The issues are huge, and worthy of a book, or perhaps several books. But I'm only going to briefly touch on them; this is in the nature of a quick sketch.

Solzhenitzyn falls in the tradition of Russian thought known as "Slavophile" (a personal aside: back in the late 60s when I was in college, I learned of the movement in a course entitled "Russian Intellectual History," which I've written about here). His return to Russia in 1994, where he now resides, is no surprise in that context, nor is his devotion to religion.

I agree with Solzhenitzyn that some sort of higher meaning seems necessary to get us out of the trap into which we've fallen. But religion can be another trap, and the jihadis are perhaps the best example of where that can lead.

I have no way of knowing what Solzhenitzyn really thinks or feels.
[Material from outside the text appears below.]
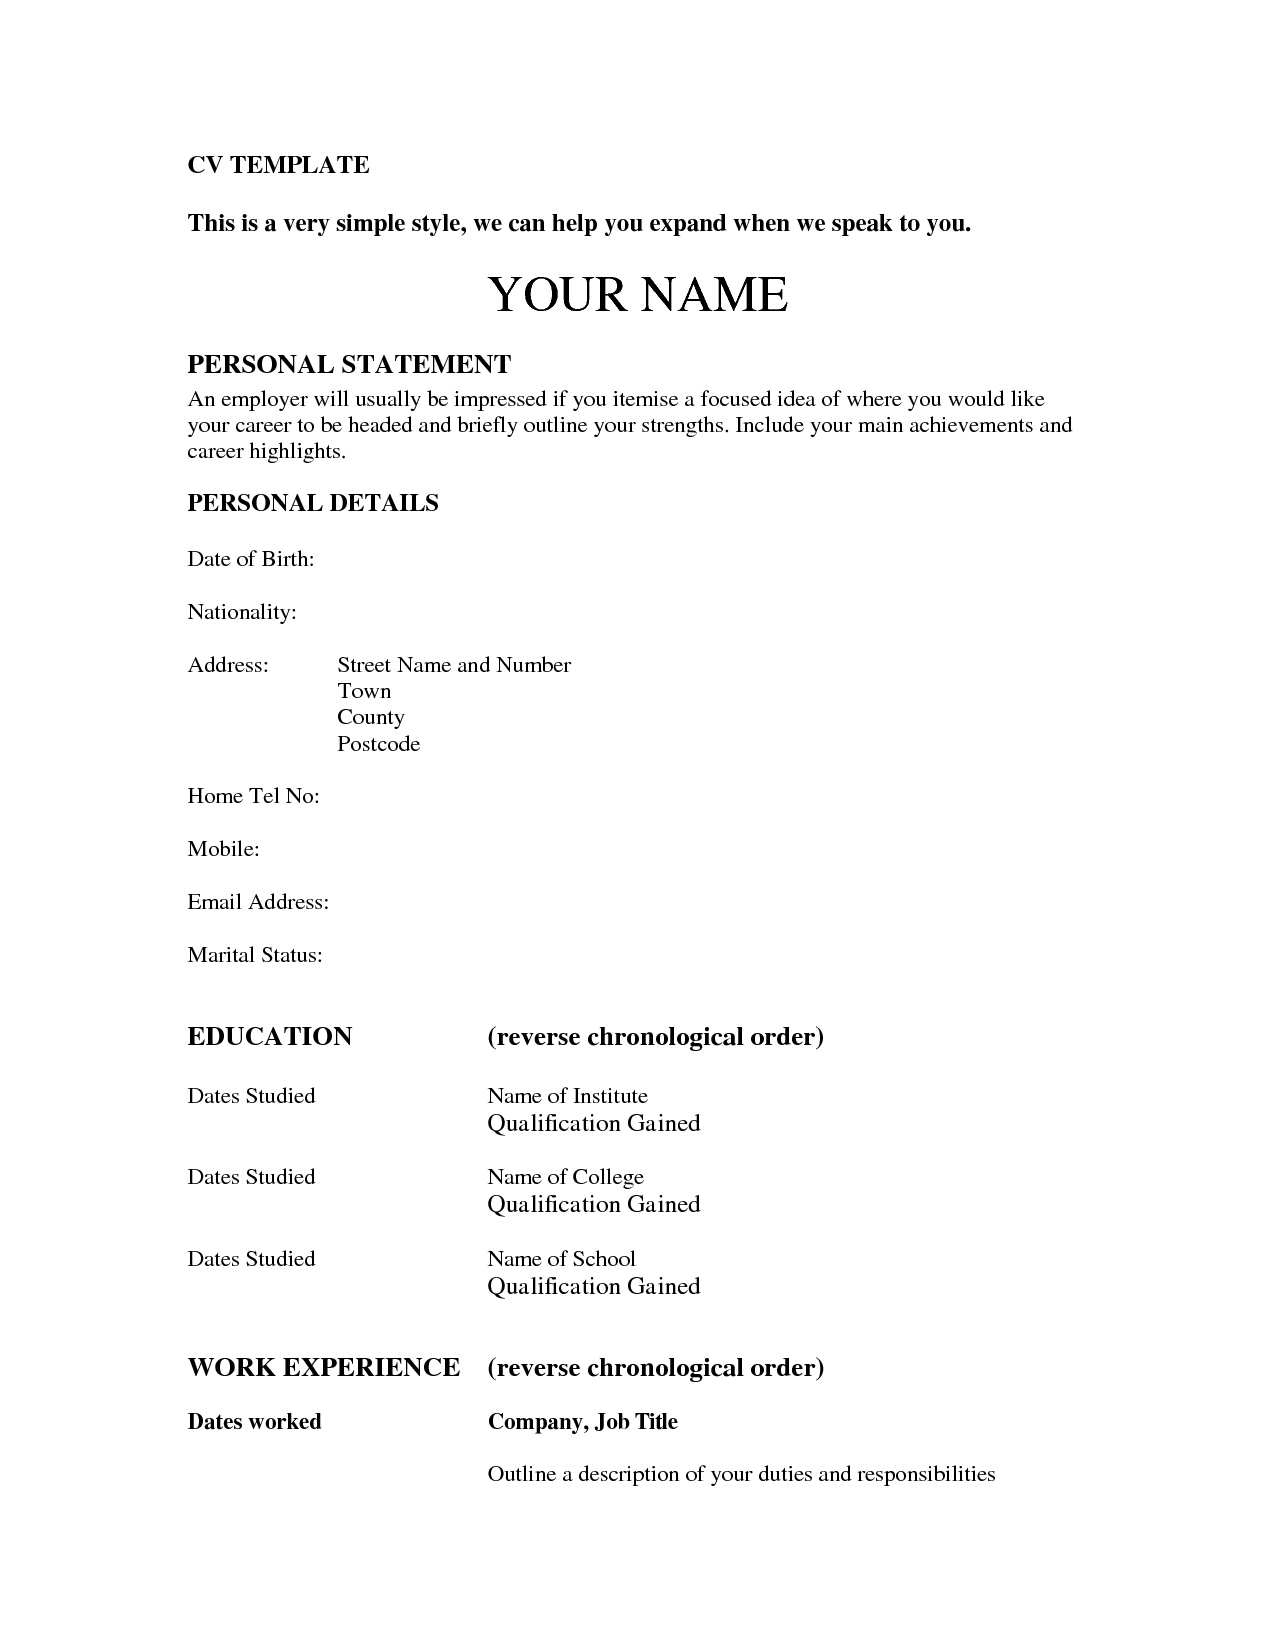 Resume Examples For Jobs Cv Template Easy Simple Job Resume Examples Simple Job Resume Examples resume examples for jobs|wikiresume.com

But it's my contention that the difference between what he is advocating and what the jihadists are advocating is profound, although there is a superficial resemblance in that they both rely on religion to save us. This difference goes back to a fundamental (pardon the pun) difference between Islam and Christianity, as I understand it.

People are fond of saying that religion is the problem; it's caused no end of trouble on earth. While that's true, it's also true that it's caused no end of good on earth. That paradox is resolved by understanding that religion is a malleable tool that can be used to many purposes.

One extremely important dimension on which religions--and divisions within religions--differ greatly is on how much personal freedom they advocate. Fundamentalists in all religions lean strongly to the side of unquestioning obedience, whereas those in other wings emphasize individual freedom of choice.

Another very important difference between religions is on the dimension of whether that particular religion should be spread, and, if so, how it should be spread. Islam (which means "submission") has historically been a religion that doesn't shy away from the idea of forceable and coercive conversion, whereas the forceably coercive strain in Christianity (never as much a part of its holy texts as in Islam) has now shrunk virtually to the vanishing point.

So there are differences between religions, and differences within each religion. Right now the fundamentalist, coercive, triumphalist, and violent strain of Islam is growing. Thus the special danger that this segment of Islam represents to the world, a danger that no other religion currently presents in anywhere near its numbers, strength, goals, weaponry, and aggressiveness. Fundamentalists in many religions may resemble each other in the rigidity of their obedience to the rules of their respective religions, but they don't necessarily resemble each other in how they view the rights of the rest of the world to practice a different one.

What does mainstream Christianity have to say about freedom? To cite another famous Slavophilic Russian writer, Dostoevsky, in his remarkable work "The Grand Inquisitor," although freedom is part of Christ's message to the world, it has at times been subverted and undermined by Inquisitors who don't trust humanity with freedom.

If you've never read "The Grand Inquisitor," which is actually a chapter from The Brothers Karamazov, you owe it to yourself to do so. Here's the text.

Dostoevsky's Grand Inquisitor doesn't just stand for the historical figures of the past who were the actual Inquisitors. He represents all attempts by religions and belief systems--including secular ones such as Communism--to perfect humanity by denying people their freedom in the hopes of creating a better world.

I cannot believe that Solzhenitzyn, with his experience in the Russian Gulag, meant to advocate a return to a religion that denies that individual freedom. At any rate, it's not Solzhenitzyn's particular views that are important, it's the questions he raises. The dilemma remains, and it's an ancient and exceedingly important one: how to foster and protect freedom without leading to anarchy and loss of meaning, including the loss of the courage to protect ourselves?

The answer is still unclear, but the hour is getting late--much later than it was in 1978.